Shares in Ted Baker have tumbled over 11% after the fashion chain warned profits would be lower-than-expected.
The retailer blamed currency movements, product costs and an unsold stock writedown for the disappointment.
It said full-year profit for the year ending on 26 January would be around £63m, compared to forecasts of £73.8m.
The firm’s shares were hit late last year amid a hugging controversy after staff alleged they suffered unwanted embraces from founder Ray Kelvin.
The company has appointed a law firm to conduct an independent external investigation into the hugging allegations, which it disputes.
Mr Kelvin announced in December that he would take a voluntary leave of absence.
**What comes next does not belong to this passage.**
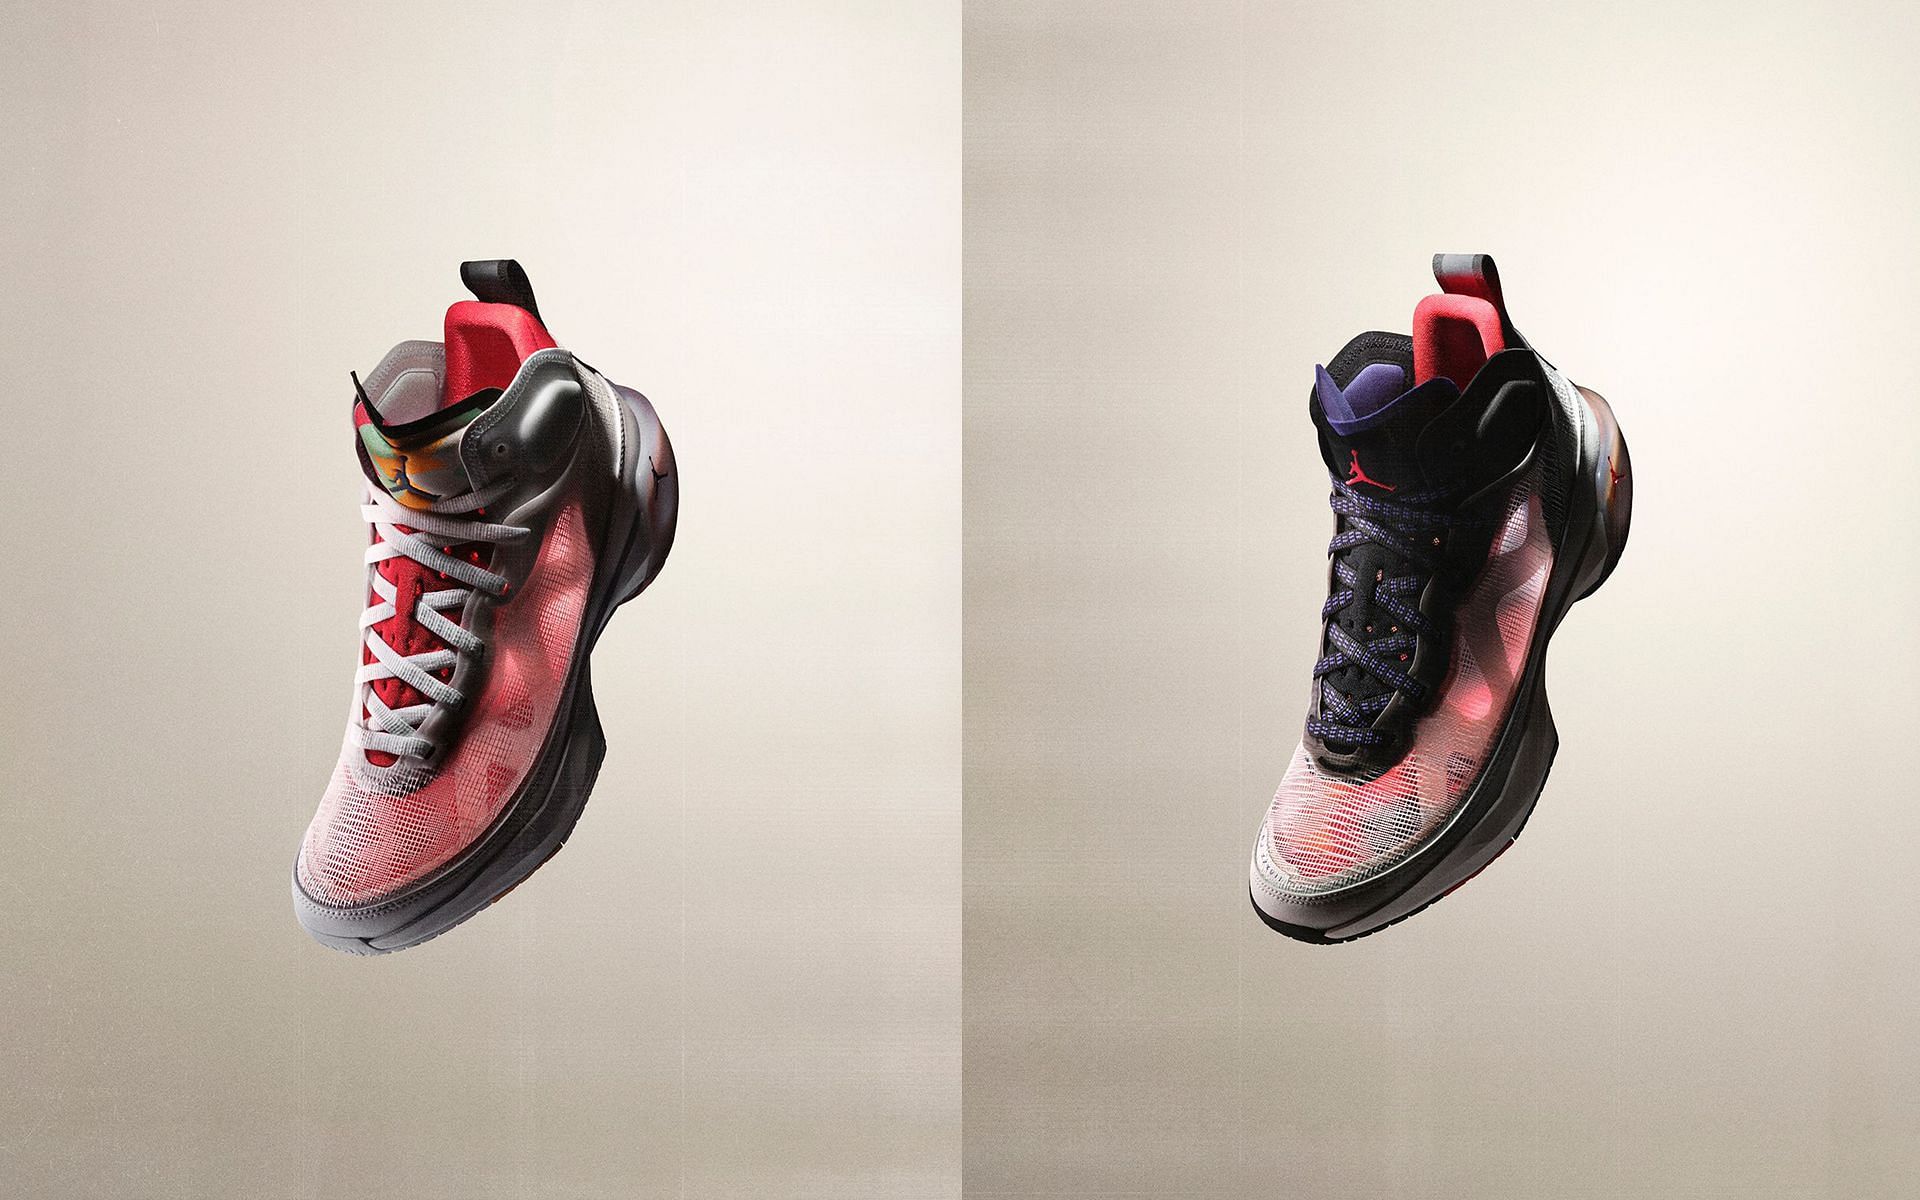 Air Jordan 37 shoes will be released in two colorways (Image via Nike)

Investors had feared that negative publicity surrounding harassment allegations against Mr Kelvin would affect the brand’s popularity.
But the retailer’s Christmas trading update last month showed a 12.2% rise in sales.
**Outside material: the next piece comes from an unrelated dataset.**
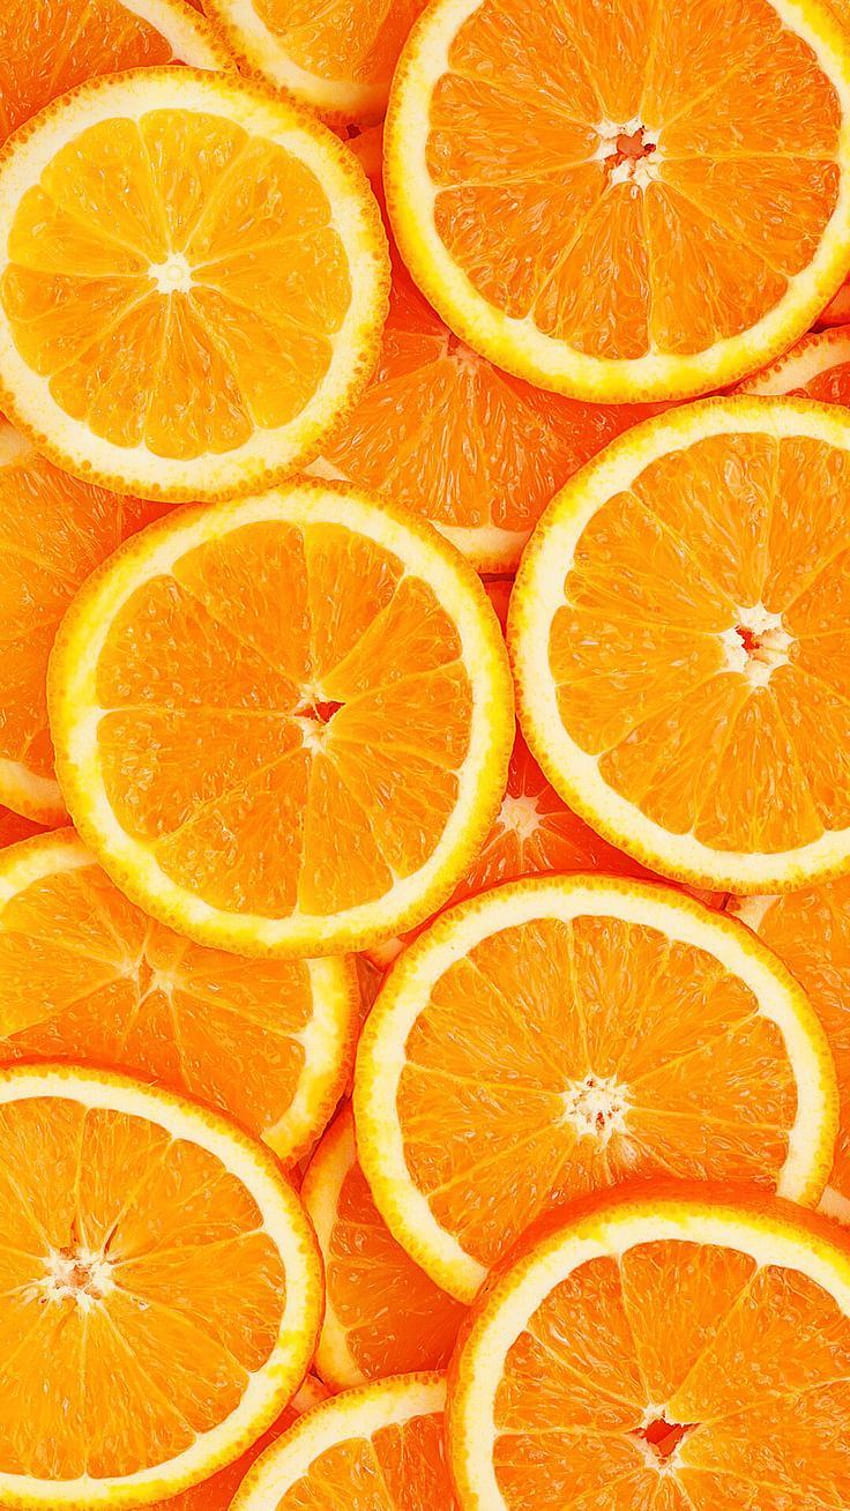 Orange Fruit Photos Download The BEST Free Orange Fruit Stock Photos  HD  Images

In December, an online petition launched by employees accused 62-year-old Mr Kelvin of inappropriate comments and behaviour, including “forced hugging”.
The petition, on the workplace website Organise, said that more than 200 Ted Baker staff were finally breaking their silence about at least “50 recorded incidents of harassment” at the fashion group.
Staff claimed that as well as engaging them in unwelcome embraces, the brand’s founder had asked young female members of staff to sit on his knee, cuddle him, or let him massage their ears.
At the time, Mr Kelvin said that it was “only right” Ted Baker’s committee and board should investigate.
“I love this company and I care deeply for all my colleagues. It’s for that reason that I have decided to take a temporary leave of absence,” he said.